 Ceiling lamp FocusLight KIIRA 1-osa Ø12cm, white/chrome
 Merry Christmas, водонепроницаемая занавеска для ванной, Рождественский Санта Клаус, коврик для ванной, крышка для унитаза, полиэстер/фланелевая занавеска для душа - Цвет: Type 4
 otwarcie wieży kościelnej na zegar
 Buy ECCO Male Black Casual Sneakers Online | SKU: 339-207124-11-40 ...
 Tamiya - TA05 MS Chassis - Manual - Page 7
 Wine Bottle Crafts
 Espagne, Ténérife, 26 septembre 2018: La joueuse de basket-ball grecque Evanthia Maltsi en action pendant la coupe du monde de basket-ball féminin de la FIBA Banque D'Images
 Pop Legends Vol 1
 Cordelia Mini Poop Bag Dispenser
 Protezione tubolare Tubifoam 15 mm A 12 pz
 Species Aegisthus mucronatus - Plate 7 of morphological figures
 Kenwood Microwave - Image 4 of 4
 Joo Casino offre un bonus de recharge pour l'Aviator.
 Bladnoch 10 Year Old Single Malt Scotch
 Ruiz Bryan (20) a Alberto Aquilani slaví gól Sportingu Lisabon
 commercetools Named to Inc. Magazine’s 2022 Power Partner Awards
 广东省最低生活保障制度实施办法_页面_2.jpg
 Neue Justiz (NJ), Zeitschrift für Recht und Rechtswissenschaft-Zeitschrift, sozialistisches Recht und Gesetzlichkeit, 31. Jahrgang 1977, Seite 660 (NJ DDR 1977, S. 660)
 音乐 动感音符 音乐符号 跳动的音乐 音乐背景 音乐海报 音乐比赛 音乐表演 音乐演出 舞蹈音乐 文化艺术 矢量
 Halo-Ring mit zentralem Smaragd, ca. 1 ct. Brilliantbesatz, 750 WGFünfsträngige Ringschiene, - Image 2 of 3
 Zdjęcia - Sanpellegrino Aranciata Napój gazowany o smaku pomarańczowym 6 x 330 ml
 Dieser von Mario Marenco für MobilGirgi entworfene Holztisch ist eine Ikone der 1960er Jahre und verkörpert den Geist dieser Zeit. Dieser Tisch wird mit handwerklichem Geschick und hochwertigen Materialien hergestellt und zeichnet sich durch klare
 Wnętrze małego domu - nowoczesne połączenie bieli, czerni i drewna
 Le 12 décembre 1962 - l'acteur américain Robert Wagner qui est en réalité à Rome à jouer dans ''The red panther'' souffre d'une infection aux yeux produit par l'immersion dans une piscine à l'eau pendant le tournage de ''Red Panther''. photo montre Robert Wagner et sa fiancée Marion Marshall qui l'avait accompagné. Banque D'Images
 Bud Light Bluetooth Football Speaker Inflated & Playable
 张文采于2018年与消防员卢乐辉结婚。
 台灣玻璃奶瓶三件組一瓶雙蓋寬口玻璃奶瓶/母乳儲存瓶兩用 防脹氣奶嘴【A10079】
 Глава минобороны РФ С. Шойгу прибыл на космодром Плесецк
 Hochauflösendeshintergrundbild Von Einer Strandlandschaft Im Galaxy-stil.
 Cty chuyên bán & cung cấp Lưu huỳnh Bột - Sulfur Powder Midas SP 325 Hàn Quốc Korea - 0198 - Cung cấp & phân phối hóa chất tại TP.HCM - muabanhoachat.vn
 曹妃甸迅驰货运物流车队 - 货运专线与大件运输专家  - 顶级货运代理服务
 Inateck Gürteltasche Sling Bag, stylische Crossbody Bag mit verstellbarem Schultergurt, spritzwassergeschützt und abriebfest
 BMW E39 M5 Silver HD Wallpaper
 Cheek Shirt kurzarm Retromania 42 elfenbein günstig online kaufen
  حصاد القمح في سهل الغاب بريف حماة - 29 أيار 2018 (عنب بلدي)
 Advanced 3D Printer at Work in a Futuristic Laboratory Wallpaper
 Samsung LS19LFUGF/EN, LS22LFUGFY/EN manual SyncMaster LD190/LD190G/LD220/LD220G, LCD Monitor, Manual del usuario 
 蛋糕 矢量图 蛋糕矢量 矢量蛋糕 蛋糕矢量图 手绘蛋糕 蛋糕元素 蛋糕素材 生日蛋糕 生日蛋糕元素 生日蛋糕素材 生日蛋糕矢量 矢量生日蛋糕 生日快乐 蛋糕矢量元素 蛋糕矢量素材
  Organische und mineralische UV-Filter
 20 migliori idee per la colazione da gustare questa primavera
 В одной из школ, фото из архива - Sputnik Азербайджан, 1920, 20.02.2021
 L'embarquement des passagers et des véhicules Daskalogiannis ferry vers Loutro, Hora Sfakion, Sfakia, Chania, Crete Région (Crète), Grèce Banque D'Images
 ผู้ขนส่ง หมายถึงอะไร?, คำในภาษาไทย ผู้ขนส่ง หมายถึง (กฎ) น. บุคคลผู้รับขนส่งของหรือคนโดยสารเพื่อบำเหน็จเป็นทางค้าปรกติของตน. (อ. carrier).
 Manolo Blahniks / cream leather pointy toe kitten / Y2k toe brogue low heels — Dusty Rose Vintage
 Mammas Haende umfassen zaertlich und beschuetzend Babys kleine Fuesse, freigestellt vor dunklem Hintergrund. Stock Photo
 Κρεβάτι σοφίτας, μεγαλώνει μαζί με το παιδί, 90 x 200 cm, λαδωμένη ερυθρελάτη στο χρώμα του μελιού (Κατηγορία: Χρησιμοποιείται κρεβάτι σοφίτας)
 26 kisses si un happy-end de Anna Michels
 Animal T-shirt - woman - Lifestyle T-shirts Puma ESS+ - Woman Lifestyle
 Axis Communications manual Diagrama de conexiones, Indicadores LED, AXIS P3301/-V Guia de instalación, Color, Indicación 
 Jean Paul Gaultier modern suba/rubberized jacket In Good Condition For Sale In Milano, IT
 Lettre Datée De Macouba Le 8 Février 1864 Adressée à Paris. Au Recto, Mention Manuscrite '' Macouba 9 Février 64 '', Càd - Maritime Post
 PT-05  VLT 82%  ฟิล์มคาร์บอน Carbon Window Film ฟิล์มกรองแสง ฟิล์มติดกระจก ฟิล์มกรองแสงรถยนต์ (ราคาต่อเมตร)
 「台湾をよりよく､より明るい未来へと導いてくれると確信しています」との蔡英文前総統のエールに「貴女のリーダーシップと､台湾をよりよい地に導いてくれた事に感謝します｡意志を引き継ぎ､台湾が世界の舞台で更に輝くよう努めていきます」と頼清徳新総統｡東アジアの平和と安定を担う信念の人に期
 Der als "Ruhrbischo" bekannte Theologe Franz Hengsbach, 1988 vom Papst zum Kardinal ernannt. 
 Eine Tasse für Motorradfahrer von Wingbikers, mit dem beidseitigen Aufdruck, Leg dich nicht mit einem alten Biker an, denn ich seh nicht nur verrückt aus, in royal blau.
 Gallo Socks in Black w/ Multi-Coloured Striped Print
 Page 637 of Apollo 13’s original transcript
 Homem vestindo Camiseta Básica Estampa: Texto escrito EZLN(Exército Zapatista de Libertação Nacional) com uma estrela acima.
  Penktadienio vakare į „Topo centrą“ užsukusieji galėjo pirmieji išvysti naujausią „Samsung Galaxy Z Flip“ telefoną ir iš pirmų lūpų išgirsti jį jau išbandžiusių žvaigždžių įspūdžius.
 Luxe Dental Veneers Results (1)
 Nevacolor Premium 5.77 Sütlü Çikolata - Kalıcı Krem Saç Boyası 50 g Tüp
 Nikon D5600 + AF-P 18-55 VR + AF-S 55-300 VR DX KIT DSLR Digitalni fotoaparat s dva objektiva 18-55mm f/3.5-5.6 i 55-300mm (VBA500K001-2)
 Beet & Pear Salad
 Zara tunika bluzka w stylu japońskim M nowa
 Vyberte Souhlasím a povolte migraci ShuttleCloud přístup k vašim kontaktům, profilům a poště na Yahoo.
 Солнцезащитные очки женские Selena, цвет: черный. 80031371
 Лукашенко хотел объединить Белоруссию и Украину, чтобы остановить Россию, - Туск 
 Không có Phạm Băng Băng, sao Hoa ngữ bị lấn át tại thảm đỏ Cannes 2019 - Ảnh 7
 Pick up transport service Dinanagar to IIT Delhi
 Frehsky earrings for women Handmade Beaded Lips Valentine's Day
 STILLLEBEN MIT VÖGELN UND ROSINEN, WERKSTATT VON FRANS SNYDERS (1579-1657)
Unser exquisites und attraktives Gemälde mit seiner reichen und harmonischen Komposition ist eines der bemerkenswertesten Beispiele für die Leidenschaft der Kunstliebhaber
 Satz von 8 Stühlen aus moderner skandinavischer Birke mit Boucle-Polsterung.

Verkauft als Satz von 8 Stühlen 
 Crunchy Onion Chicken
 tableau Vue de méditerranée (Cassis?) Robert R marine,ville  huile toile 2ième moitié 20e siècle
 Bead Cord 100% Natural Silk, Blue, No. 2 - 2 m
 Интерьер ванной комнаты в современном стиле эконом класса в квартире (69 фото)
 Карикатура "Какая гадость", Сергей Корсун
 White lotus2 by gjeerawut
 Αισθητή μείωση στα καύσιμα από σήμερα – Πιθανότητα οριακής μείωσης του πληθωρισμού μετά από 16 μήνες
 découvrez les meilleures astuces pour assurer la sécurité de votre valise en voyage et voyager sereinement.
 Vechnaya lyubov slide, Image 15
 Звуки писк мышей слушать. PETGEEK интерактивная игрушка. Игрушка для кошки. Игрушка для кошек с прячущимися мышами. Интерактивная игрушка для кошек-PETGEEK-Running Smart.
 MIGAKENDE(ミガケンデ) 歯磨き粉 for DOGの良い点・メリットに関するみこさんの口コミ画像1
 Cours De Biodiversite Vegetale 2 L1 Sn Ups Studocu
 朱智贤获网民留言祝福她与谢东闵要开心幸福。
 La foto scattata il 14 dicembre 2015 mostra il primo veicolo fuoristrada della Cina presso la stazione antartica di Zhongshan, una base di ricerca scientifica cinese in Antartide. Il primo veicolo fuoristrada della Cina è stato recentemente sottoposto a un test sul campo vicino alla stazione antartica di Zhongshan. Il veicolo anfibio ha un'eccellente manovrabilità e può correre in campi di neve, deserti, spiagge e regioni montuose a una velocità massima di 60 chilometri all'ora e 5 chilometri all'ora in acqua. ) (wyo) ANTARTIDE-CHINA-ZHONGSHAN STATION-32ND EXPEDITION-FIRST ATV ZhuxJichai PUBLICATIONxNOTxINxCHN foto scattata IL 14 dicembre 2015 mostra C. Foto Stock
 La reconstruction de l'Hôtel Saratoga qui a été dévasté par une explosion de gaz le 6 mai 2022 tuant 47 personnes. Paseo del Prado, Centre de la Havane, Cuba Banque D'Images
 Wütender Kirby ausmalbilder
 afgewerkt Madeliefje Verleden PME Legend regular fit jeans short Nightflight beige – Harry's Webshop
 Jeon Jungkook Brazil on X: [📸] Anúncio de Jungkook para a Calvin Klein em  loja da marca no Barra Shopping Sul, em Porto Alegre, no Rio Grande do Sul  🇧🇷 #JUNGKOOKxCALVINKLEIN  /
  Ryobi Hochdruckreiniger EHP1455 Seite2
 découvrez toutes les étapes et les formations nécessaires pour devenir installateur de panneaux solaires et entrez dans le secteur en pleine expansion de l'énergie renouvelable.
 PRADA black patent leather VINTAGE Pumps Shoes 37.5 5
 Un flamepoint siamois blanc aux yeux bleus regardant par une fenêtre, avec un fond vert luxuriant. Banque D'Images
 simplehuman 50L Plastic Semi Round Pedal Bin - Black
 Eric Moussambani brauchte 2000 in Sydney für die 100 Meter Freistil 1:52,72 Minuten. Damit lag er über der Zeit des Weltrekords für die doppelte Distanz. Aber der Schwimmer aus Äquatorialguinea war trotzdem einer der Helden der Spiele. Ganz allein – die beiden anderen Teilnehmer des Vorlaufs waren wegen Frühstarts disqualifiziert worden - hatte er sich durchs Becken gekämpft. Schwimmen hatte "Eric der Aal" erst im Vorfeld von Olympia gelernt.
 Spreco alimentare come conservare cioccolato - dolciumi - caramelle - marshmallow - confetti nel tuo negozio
◆ ◆ ◆ ◆
Your assignment = Since only part of the listing is wanted, copy exactly the lines from the one holding "Protezione tubolare Tubifoam 15 mm A 12 pz" to the one holding "Zdjęcia - Sanpellegrino", both included.

Written reply =
 Protezione tubolare Tubifoam 15 mm A 12 pz
 Species Aegisthus mucronatus - Plate 7 of morphological figures
 Kenwood Microwave - Image 4 of 4
 Joo Casino offre un bonus de recharge pour l'Aviator.
 Bladnoch 10 Year Old Single Malt Scotch
 Ruiz Bryan (20) a Alberto Aquilani slaví gól Sportingu Lisabon
 commercetools Named to Inc. Magazine’s 2022 Power Partner Awards
 广东省最低生活保障制度实施办法_页面_2.jpg
 Neue Justiz (NJ), Zeitschrift für Recht und Rechtswissenschaft-Zeitschrift, sozialistisches Recht und Gesetzlichkeit, 31. Jahrgang 1977, Seite 660 (NJ DDR 1977, S. 660)
 音乐 动感音符 音乐符号 跳动的音乐 音乐背景 音乐海报 音乐比赛 音乐表演 音乐演出 舞蹈音乐 文化艺术 矢量
 Halo-Ring mit zentralem Smaragd, ca. 1 ct. Brilliantbesatz, 750 WGFünfsträngige Ringschiene, - Image 2 of 3
 Zdjęcia - Sanpellegrino Aranciata Napój gazowany o smaku pomarańczowym 6 x 330 ml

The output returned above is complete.